Process of Setting Reception Period of Repeater 100
[0054] A description is given next of the information processing
performed by the control unit 110 in the repeater 100 in accordance
with the present embodiment with reference to FIG. 6. First, the
control unit 110, for example, retrieves or acquires the current
reception period Tc and the current reception time to from the
memory or the detection unit 150 (step S112). The control unit 110,
for example, further retrieves or acquires the standby power
consumption Rc and the reception standby power consumption Qc of
the battery 120 from the memory or the electric power adjustment
unit 121 (step S112).
[0055] The control unit 110 then calculates the power consumption
Pc (Wh) of the repeater from formula (2) as described earlier (step
S114).
[0056] The control unit 110, for example, retrieves or acquires the
transmission period Tk and the reception time tk of the transmitter
200 from the memory or the transmitter 200 via or not via the
reception unit 160 (step S122). The control unit 110, for example,
further retrieves or acquires the standby power consumption Rc and
the reception standby power consumption Qc of the battery 120 from
the memory or the electric power adjustment unit 121 (step
S122).
[0057] The control unit 110 then calculates the power consumption
Pk (Wh) of the transmitter from formula (1) as described earlier
(step S124).
[0058] The control unit 110 calculates the total power consumption
.SIGMA.P=Pk+Pc (step S130).
[0059] The control unit 110 determines whether or not the total
power consumption is low under current conditions on the basis of
the graph in FIG. 5 under current conditions (step S132).

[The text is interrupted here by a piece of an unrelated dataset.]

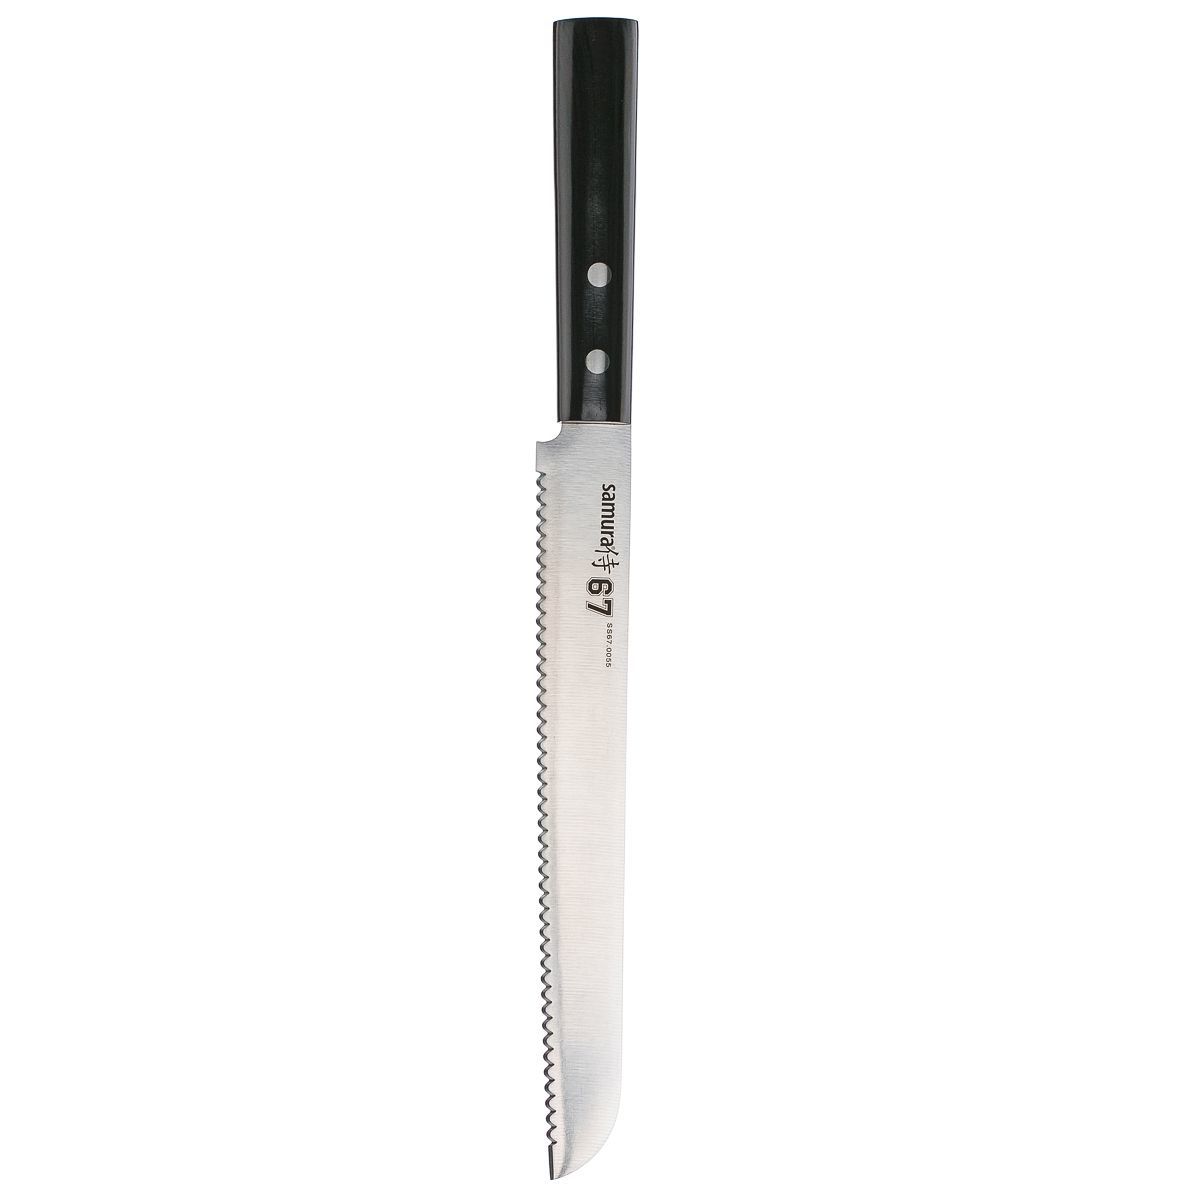 Нож для хлеба Samura 67 SS67-0055, сталь AUS-8, рукоять ABS пластик - фото 4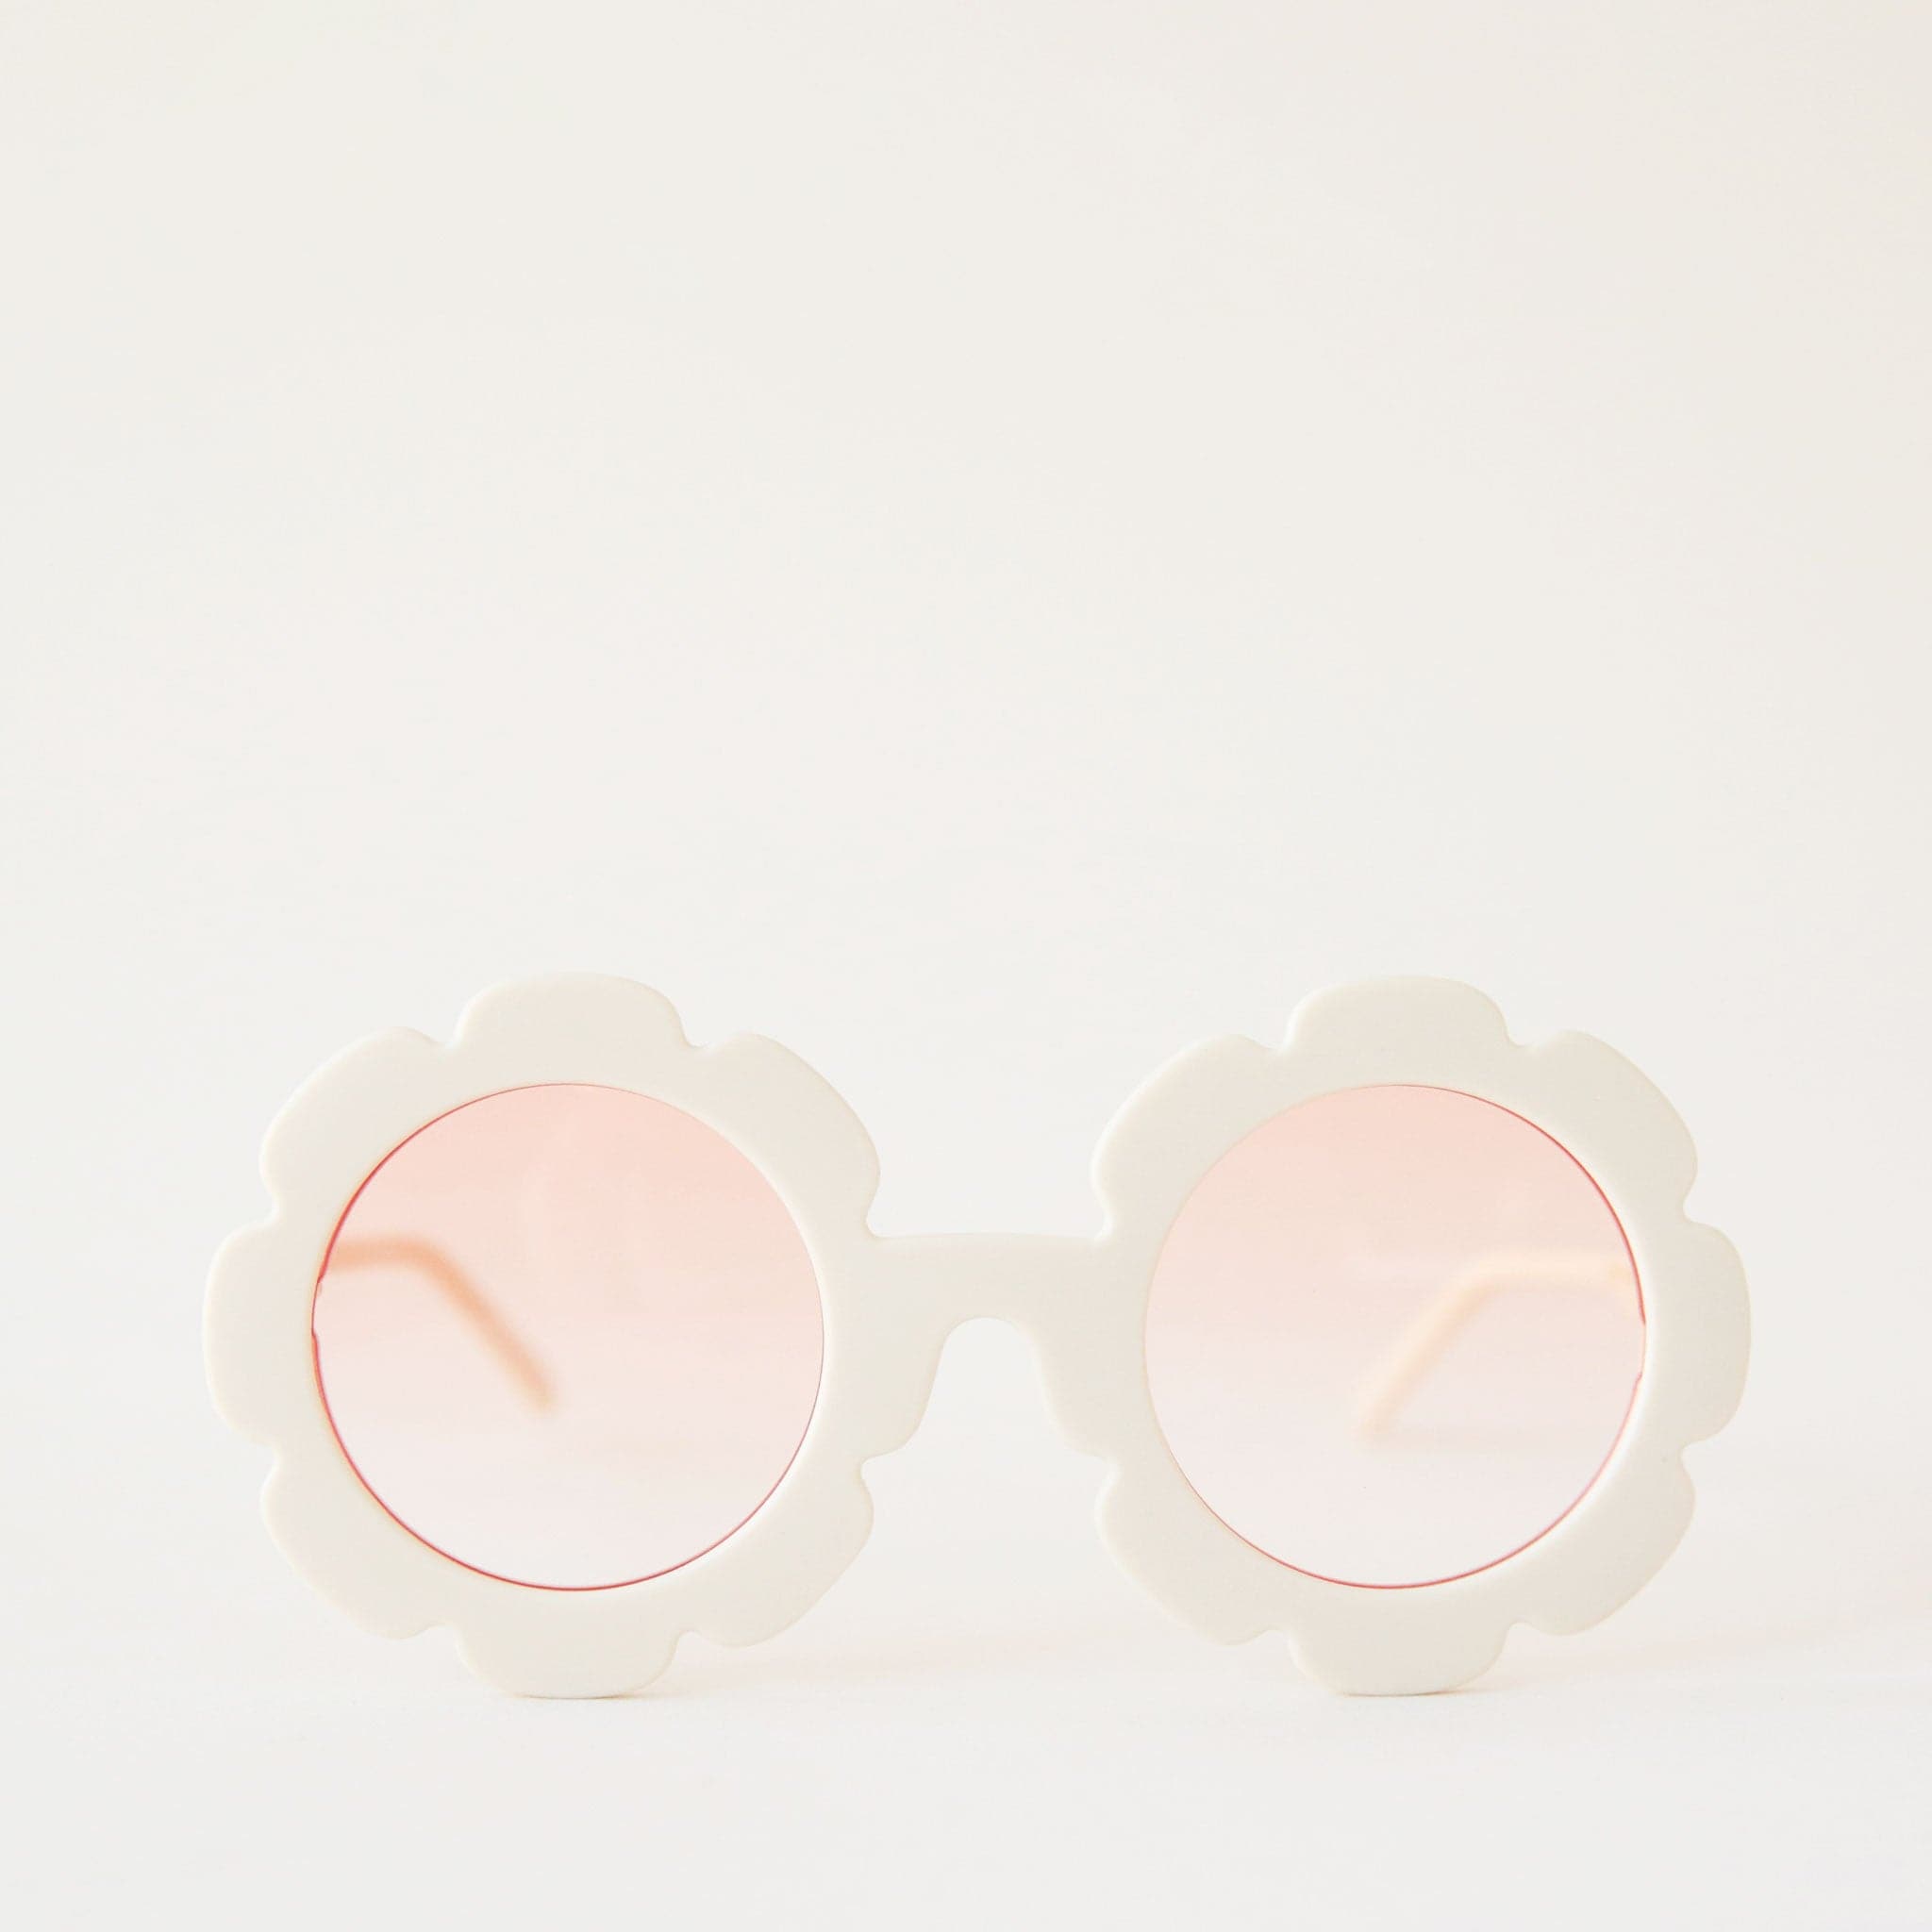 White flower shaped sunglasses with light pink lenses.

[0060] If the total power consumption is relatively low under
current conditions (YES in step S132), the control unit 110 changes
no parameters, that is, continues the current operation (step
S134).
[0061] If the total power consumption is relatively high under
current conditions (NO in step S132), the control unit 110 changes
for example, the reception period and the reception time in such a
manner as to reduce the total power consumption (step S136). The
control unit 110 repeats these steps to adjust the reception period
of the repeater 100 to an optimal value.
Second Embodiment
[0062] The repeater 100 includes the battery 120 in the foregoing
embodiment. In the present embodiment, the repeater 100 includes an
environmental generation unit 225.
[0063] More particularly, referring to FIG. 7, the repeater 100
includes a control unit 110, a storage battery 220, an electric
power adjustment unit 121, a second detection unit 222, a detection
unit 150, and a reception unit 160.
[0064] The environmental generation unit 225 may be an
environmental generator, such as a solar cell, a piezoelectric
generator, or a thermal power generator, that generates and stores
electric power in the storage battery 220. The second detection
unit 222 measures the amount of the power generated by the
environmental generation unit 225. The control unit 110, for
example, drives the reception unit 160 and sets the reception
period of the reception unit 160 on the electric power provided by
the storage battery 220.
[0065] A description is given now of the information processing
performed by the control unit 110 in the repeater 100 in accordance
with the present embodiment with reference to FIG. 8. Steps S112,
S114, S122, S124, and S130 here are the same as those in the
foregoing embodiment, and description thereof is not repeated.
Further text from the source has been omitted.